Die Bänke in den Parks sind voll. Im Corona-Abstand sitzen die Leute nebeneinander. Auf eine lange Bank passen dann maximal vier Personen.

Einige telefonieren, manche schweigen, andere unterhalten sich. Ich sitze nicht; ich laufe. Im Vorbeigehen fängt eine rote Strumpfhose auf einer Bank meinen Blick. Ich verlangsame meinen Schritt, damit ich sie zuordnen kann. Sie gehört zu Beinen in ebenso roten Schuhen, darüber ein bunter Rock und im Schoß zwei Hände. In der einen Hand eine Flasche Weißwein, in der anderen Hand das Glas. Ich bleibe einen kurzen Moment stehen und sehe eine ältere Dame zwischen anderen älteren Damen.

Was würde passieren, wenn ich stehenbliebe und diesem illustren Kreis beim Erzählen zusehe, denke ich? Für einen Moment wünsche ich mich in die Geborgenheit eines Theaterraums, wo der Blick auf die Figuren dazugehört.

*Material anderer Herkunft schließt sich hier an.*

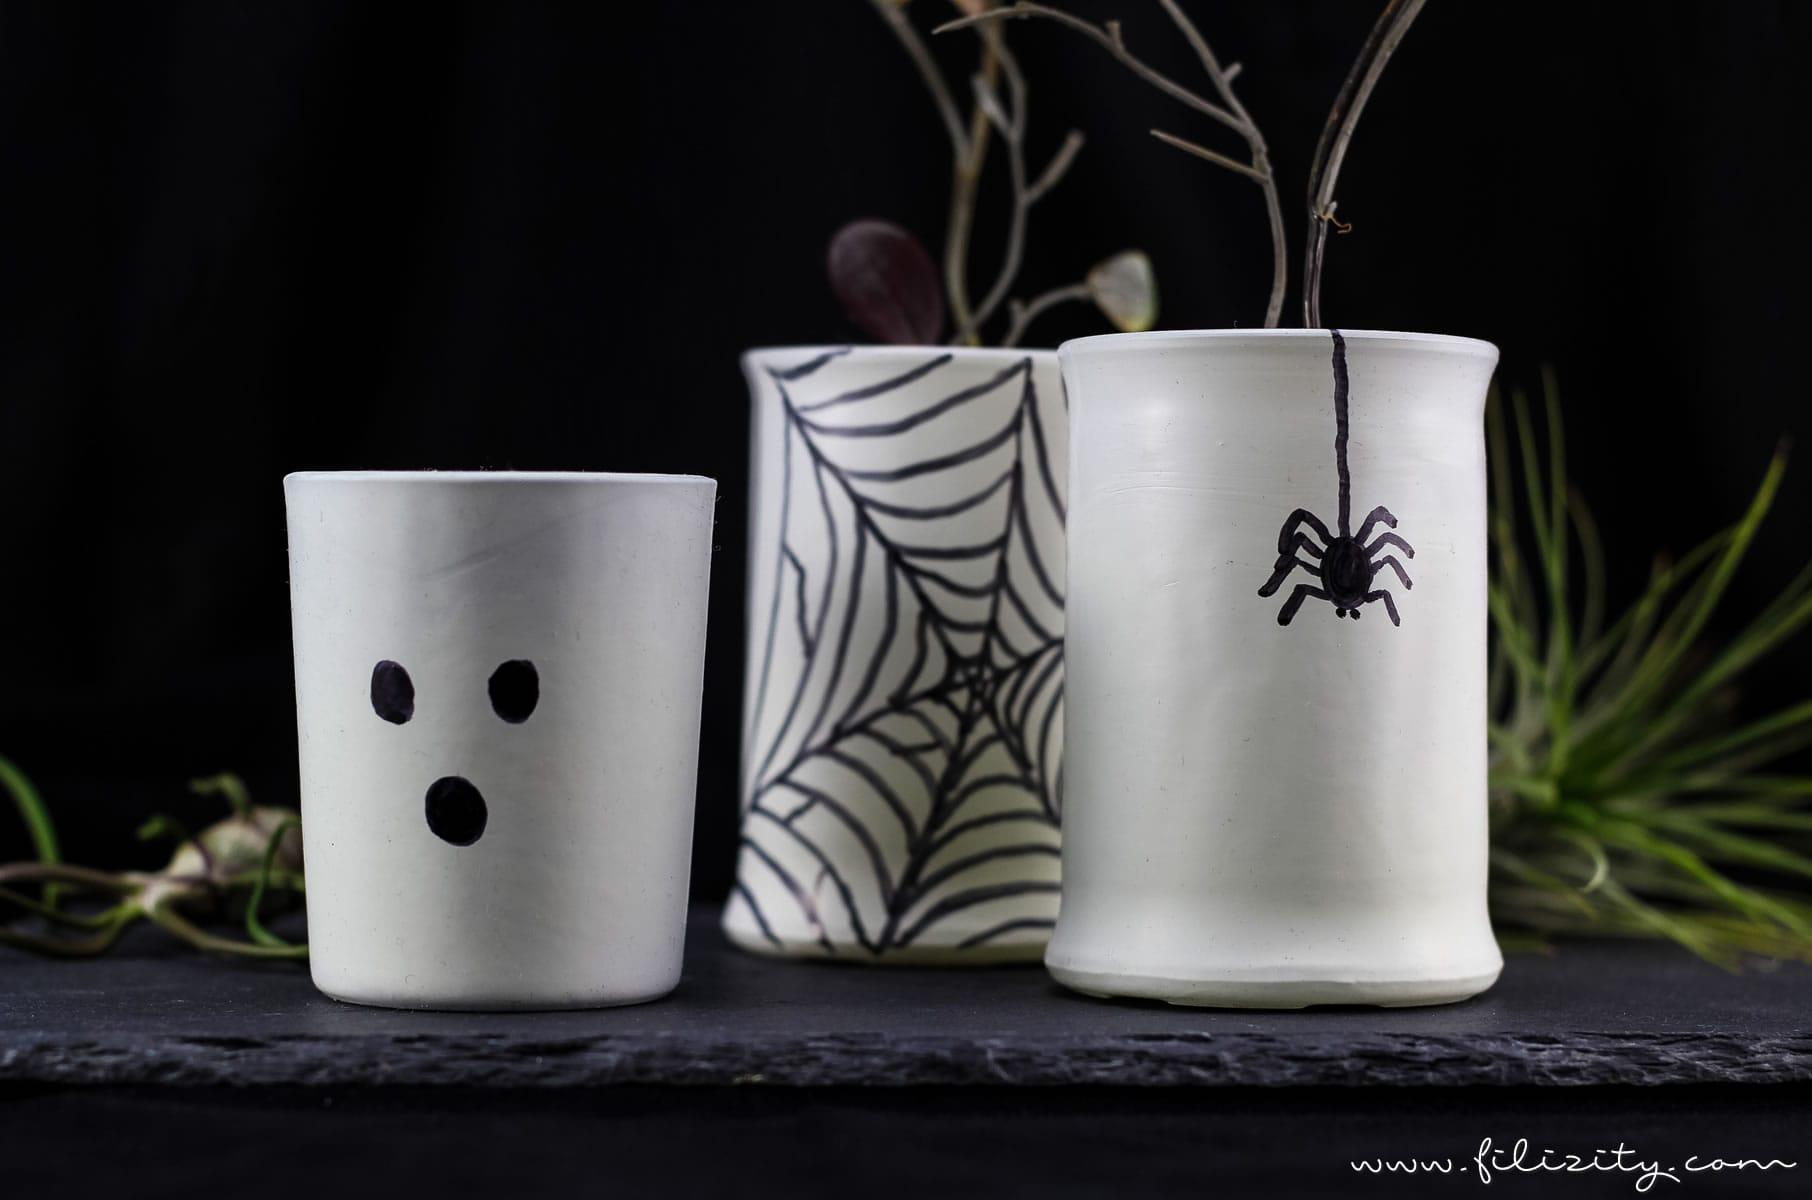 Einfache Halloween Deko Idee: Glow in the dark Vasen selber machen | Filizity.com | DIY-Blog aus dem Rheinland #halloween #deko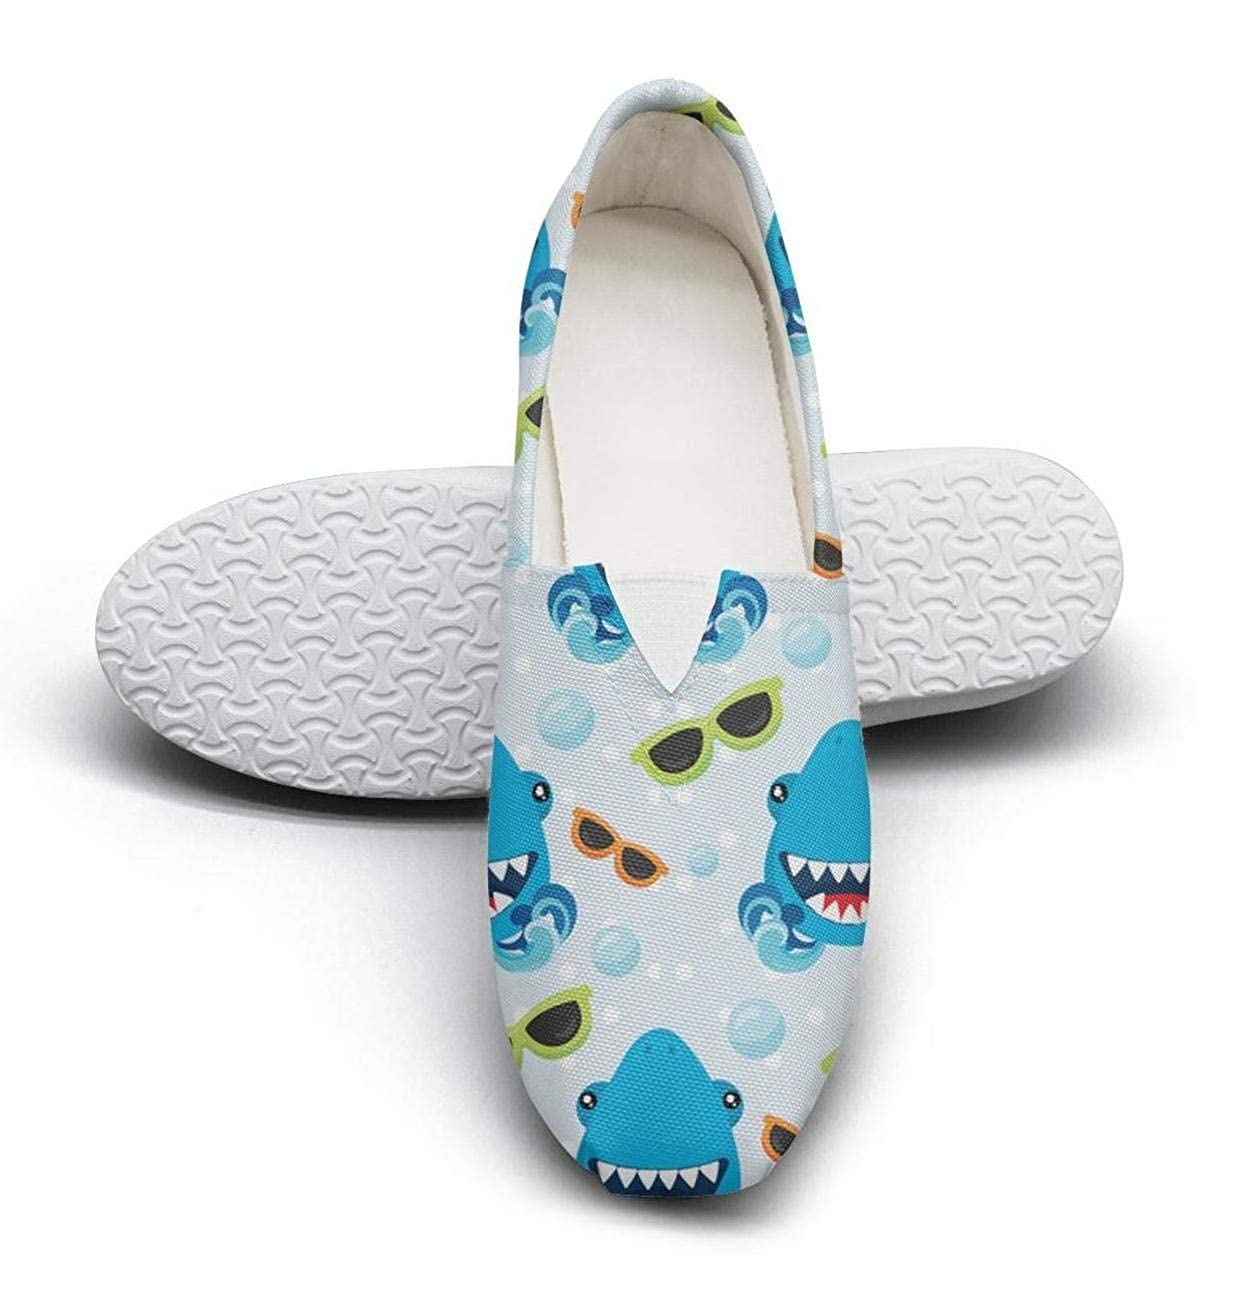 Navy cartoon shark pattern Classic Slip-ONS Women's Comfort Flat Boat Shoes Ladies Espadrille Flats

Mein Alltag hat mit der roten Strumpfhose einen Farbtupfer erhalten. Die fröhlich daher redenden Stimmen, die zu den Damen gehören, versprechen eine gewisse Dramaturgie, die ich gerne weiter beobachten wollen würde. Doch ich reiße mich los und gehe weiter.

Lange klingt ihr Lachen nach und das Bild verselbstständigt sich zu einer Geschichte, die ich mir vorstelle. Vor mir sehe ich eine kleine Gemeinschaft älterer Damen, die der Isolation trotzen und in einem fröhlichen Beieinander, an einem Sonntagvormittag einen kühlen Weißwein in der Sonne genießen. Die Stimmung ist gut, die Gespräche gewinnen an Witz und Unterhaltsamkeit. Es sind Gespräche, die  vor sich hin plätschern. Es geht um dies und das oder um jenes. Corona hebt den Redebedarf auch wenn das Meiste sich zu wiederholen scheint. Die Dialoge gehören zu einem Theaterstück, dessen Skript sich gerade selber schreibt.